Marine Survey Equipment

(20) FIG. 1B shows an overhead view of a marine survey system 100 in accordance with at least some embodiments of the invention, wherein paravanes are used to control streamer positioning. In particular, FIG. 1B shows a survey vessel 102 having onboard equipment 104, such as navigation, energy source control, and data recording equipment. Survey vessel 102 is configured to tow one or more sensor streamers 106A-F through the water and one or more sources 130 (one shown here). While FIG. 1 illustratively shows six streamers 106, any number of streamers 106 may be equivalently used. In other surveys, ocean bottom cables (OBC) or ocean bottom nodes (OBN, cable free receivers) are used instead, thus obviating many towed streamer issues.

(21) The streamers 106 are coupled to towing equipment that maintains the streamers 106 at selected lateral positions with respect to each other and with respect to the survey vessel 102. The towing equipment may comprise two paravane tow lines 108A and 108B each coupled to the vessel 102 by way of winches 110A and 110B, respectively.
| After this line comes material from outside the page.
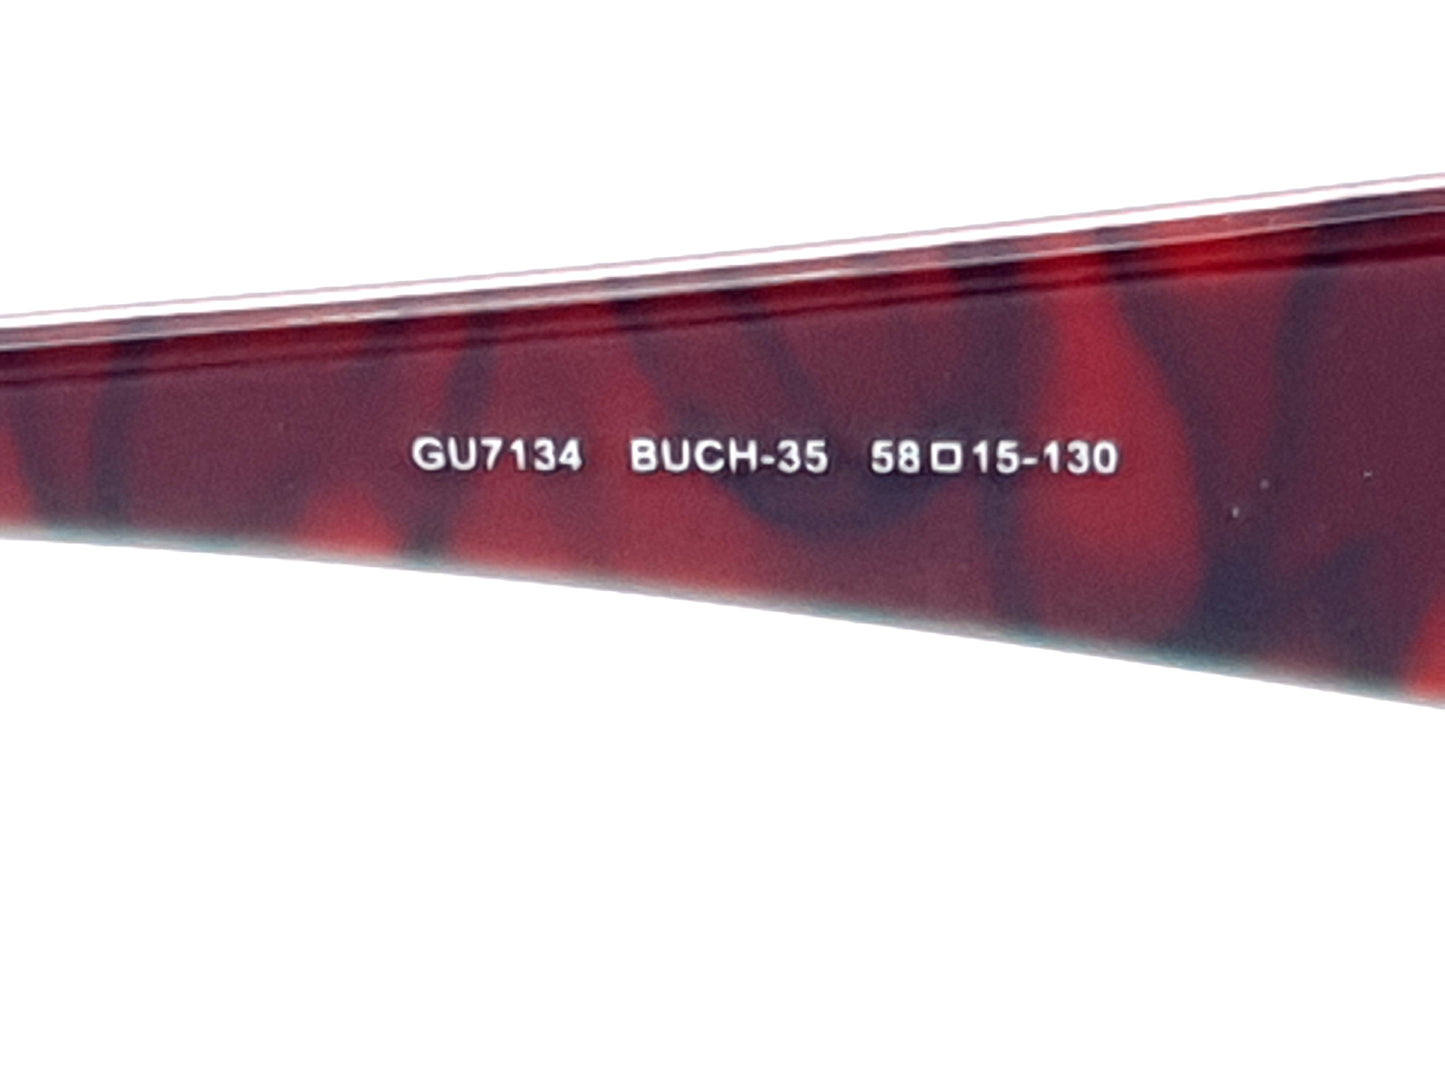 GUESS GU7134 BUCH-35

The winches enable changing the deployed length of each paravane tow lines 108. The second end paravane tow line 108A is coupled to a paravane 112, and the second end of paravane tow line 108B is coupled to paravane 114. In each case, the tow lines 108A and 108B couple to their respective paravanes through respective sets of lines called a “bridle”.

(22) The paravanes 112 and 114 are each configured to provide a lateral force (transverse to the direction of motion) component to the various elements of the survey system when the paravanes are towed in the water, as will be explained below. The lateral force component of paravane 112 is opposed to that of paravane 114. For example, paravane 112 may create a force as illustrated by arrow 116, and the lateral component of force 116 is shown by arrow 117. Likewise, paravane 114 may create a force as illustrated by arrow 118, and the lateral component of force 118 is shown by arrow 119. The combined lateral forces of the paravanes 112 and 114 separate the paravanes from each other until they put one or more spreader lines 120, coupled between the paravanes 112 and 114, into tension. The paravanes 112 and 114 either couple directly to the spreader line 120, or as illustrated couple to the spreader line by way of spur lines 122A and 122B.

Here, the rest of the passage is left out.